Prefer one atomic command over transaction when the command supports the needed semantics.

Examples:

  • SET key value NX EX seconds
  • INCR
  • HINCRBY
  • ZADD NX
  • SADD

10. Transaction with Pipeline

Pipelining and transactions are different.

Pipeline:

  • reduces network round trips;
  • does not imply atomic grouping;
  • server executes commands in order received, but other clients may interleave between batches depending on protocol/client behavior.

Transaction:

  • queues commands after MULTI;
  • executes batch on EXEC without interleaving during execution;
  • does not rollback all runtime errors.

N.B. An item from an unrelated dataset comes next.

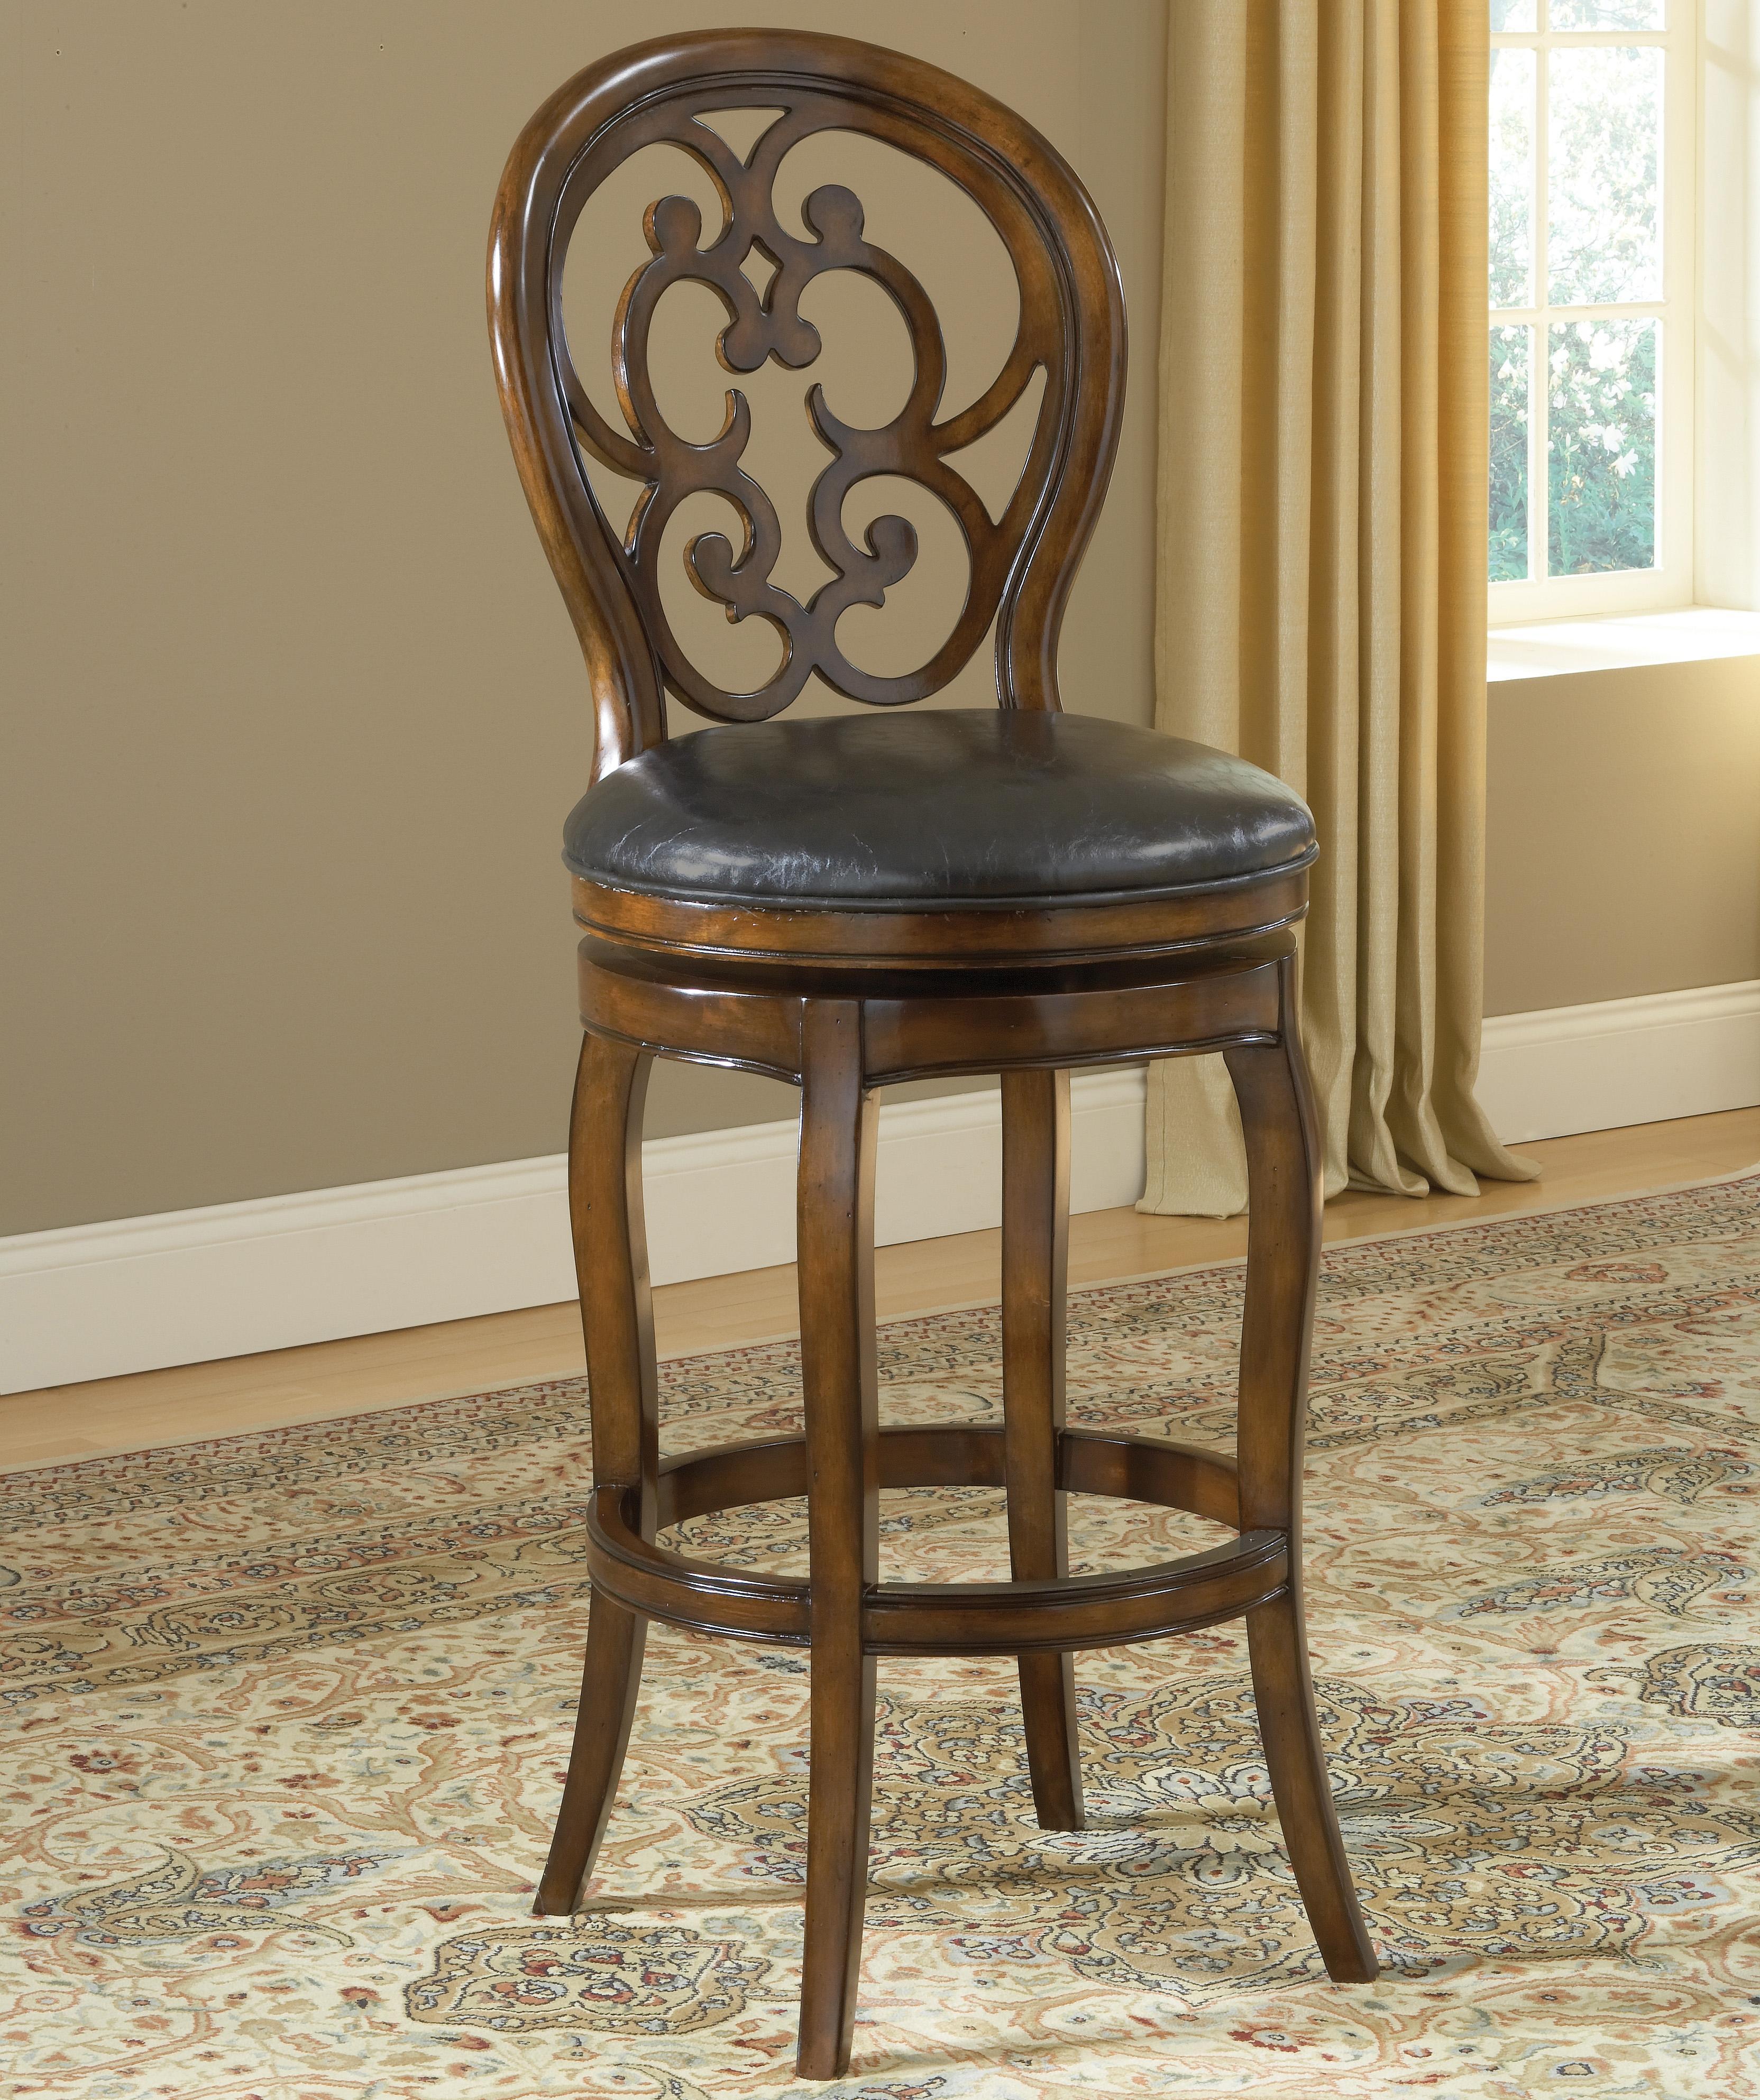 alexandra furniture. Alexandra Furniture. Swivel Bar Stool Furniture D

Some clients expose transaction through pipeline-like API. Do not confuse the two.

Example distinction

Pipeline for performance:

MGET many independent keys

Transaction for atomic grouped update:

SET value + EXPIRE + INCR metric as one EXEC batch

WATCH for optimistic read-modify-write:

Read current, compute, update only if unchanged

Lua for conditional multi-command atomic logic:

If current version < incoming version, set value and TTL

11. Race Condition Examples

11.1 Non-atomic GET then SET

Bad:

String count = redis.get(key);
int next = Integer.parseInt(count) + 1;
redis.set(key, String.valueOf(next));

Two clients can read same value and overwrite each other.

Better:

INCR key

11.2 Non-atomic SET then EXPIRE

Bad:

SET rate:user:42 1
EXPIRE rate:user:42 60

If client crashes after SET before EXPIRE, key may persist forever.

Better:

SET rate:user:42 1 EX 60

For first increment fixed window, use Lua if you need INCR + conditional EXPIRE atomically.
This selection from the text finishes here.